The input:
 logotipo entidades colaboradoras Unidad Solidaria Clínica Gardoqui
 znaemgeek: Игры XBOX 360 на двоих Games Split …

---

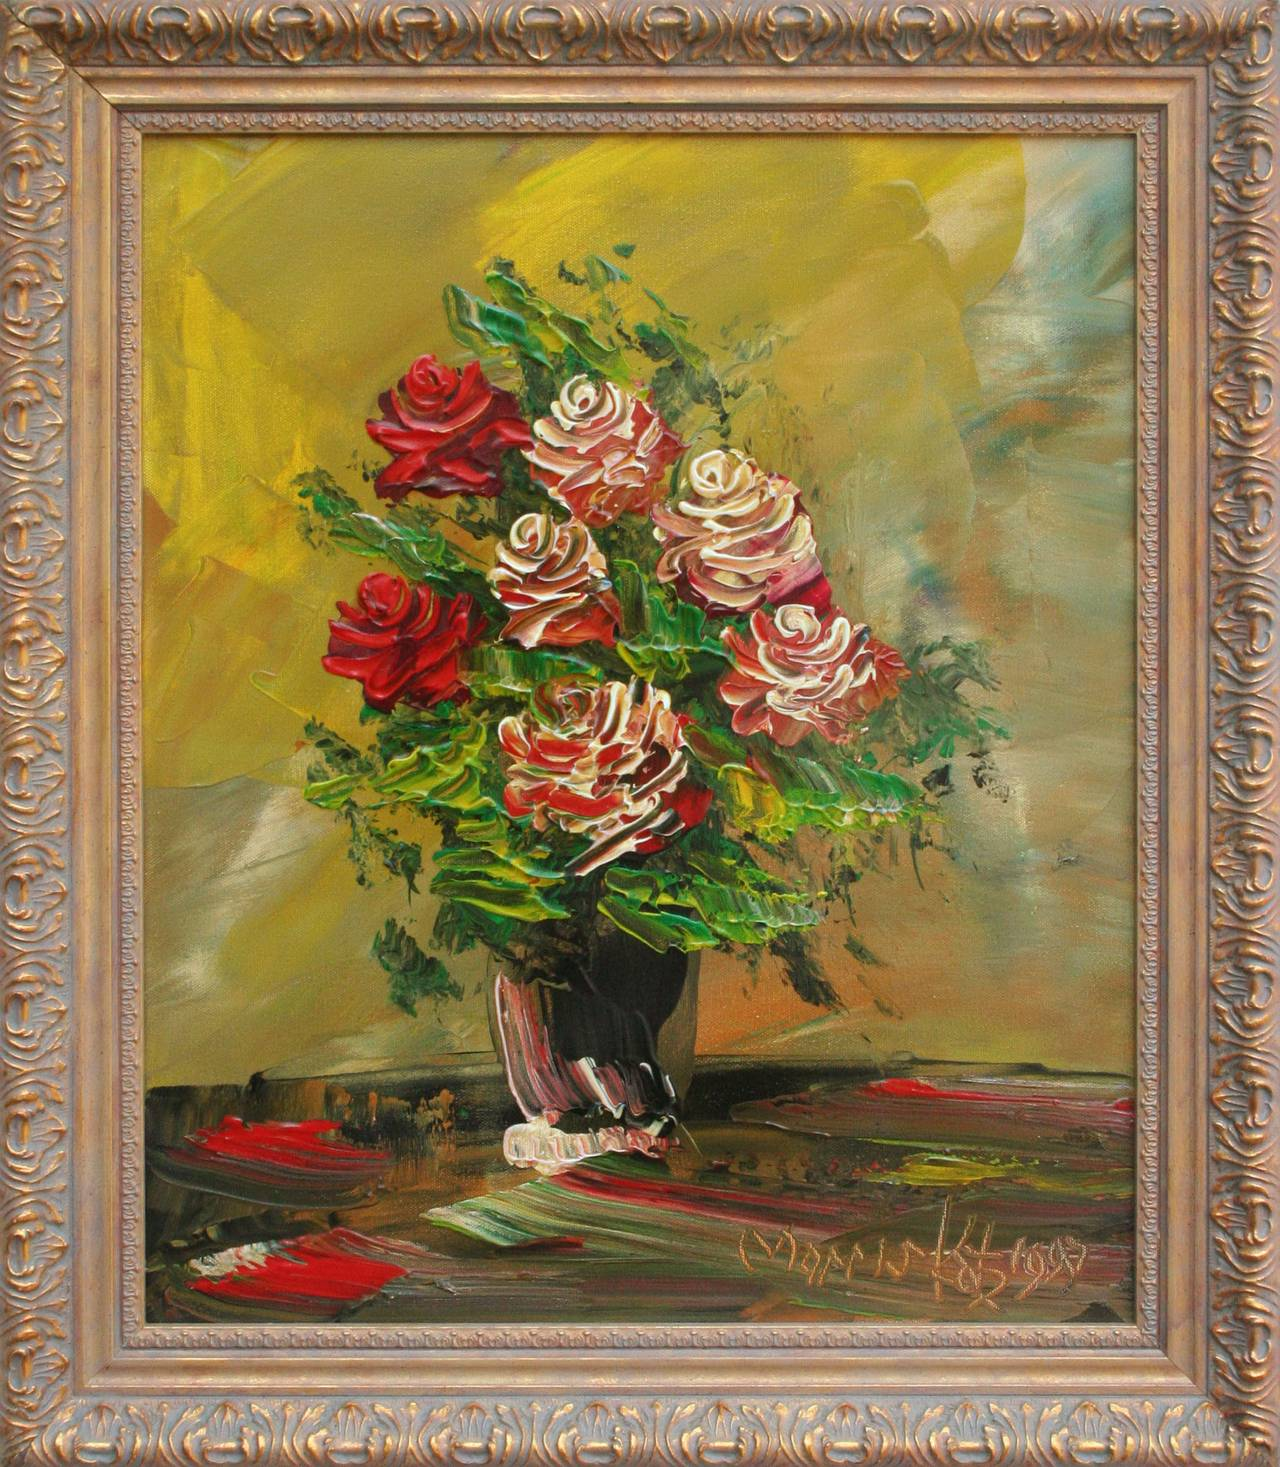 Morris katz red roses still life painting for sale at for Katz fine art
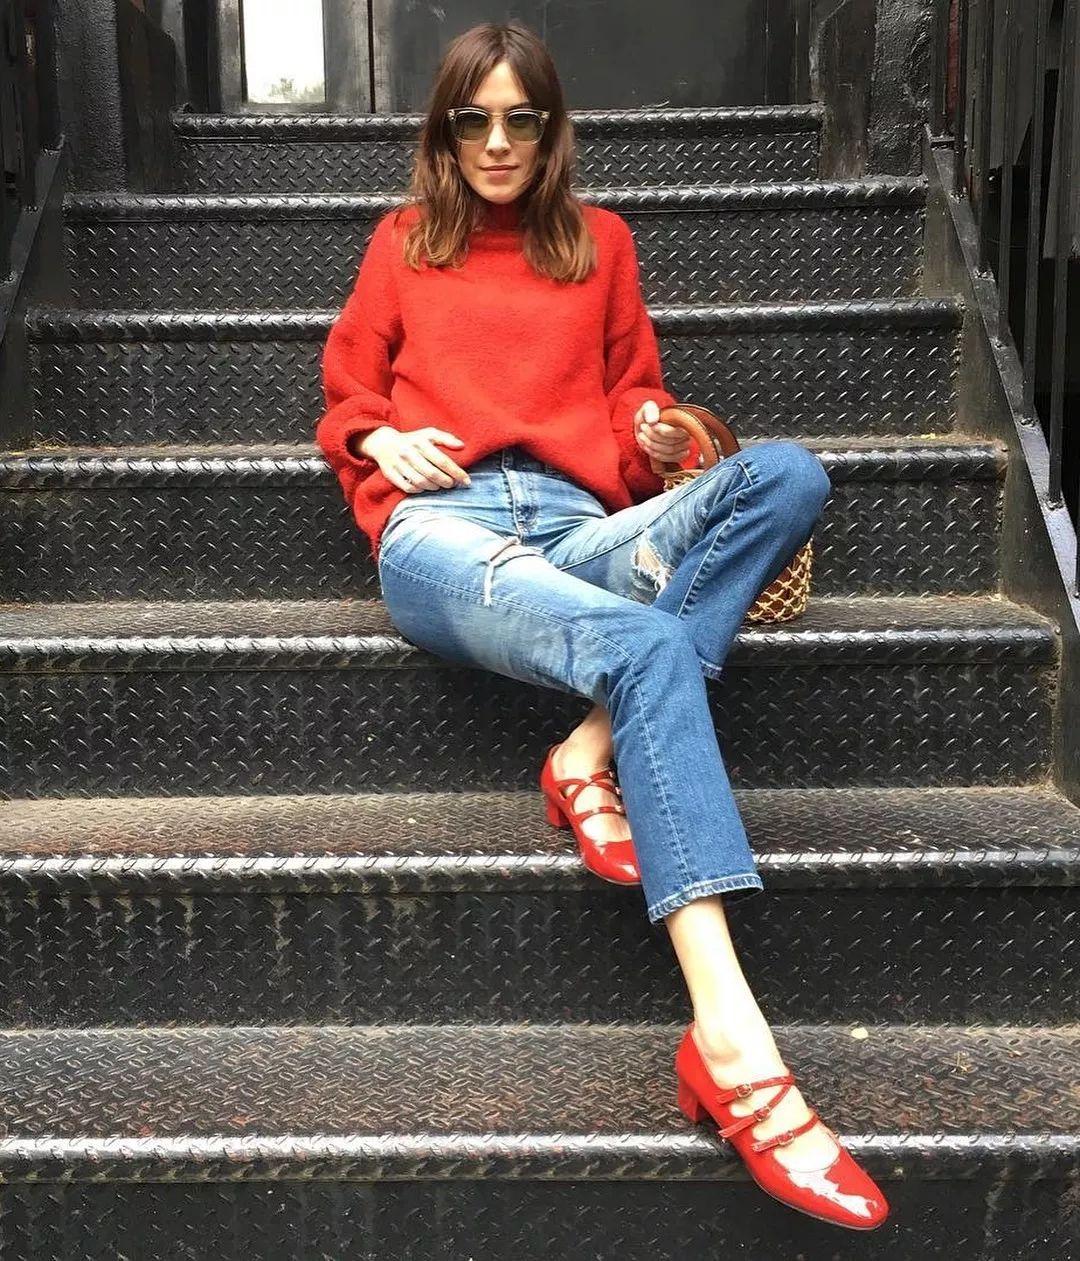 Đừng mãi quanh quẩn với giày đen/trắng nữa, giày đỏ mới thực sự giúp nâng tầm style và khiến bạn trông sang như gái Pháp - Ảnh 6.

Requirement: Set the pictures aside and transcribe exactly the stretch of lines above, beginning with the one holding "Morris katz red" and ending with the one holding "Đừng mãi quanh".

Written answer:
 Morris katz red roses still life painting for sale at for Katz fine art
 Đừng mãi quanh quẩn với giày đen/trắng nữa, giày đỏ mới thực sự giúp nâng tầm style và khiến bạn trông sang như gái Pháp - Ảnh 6.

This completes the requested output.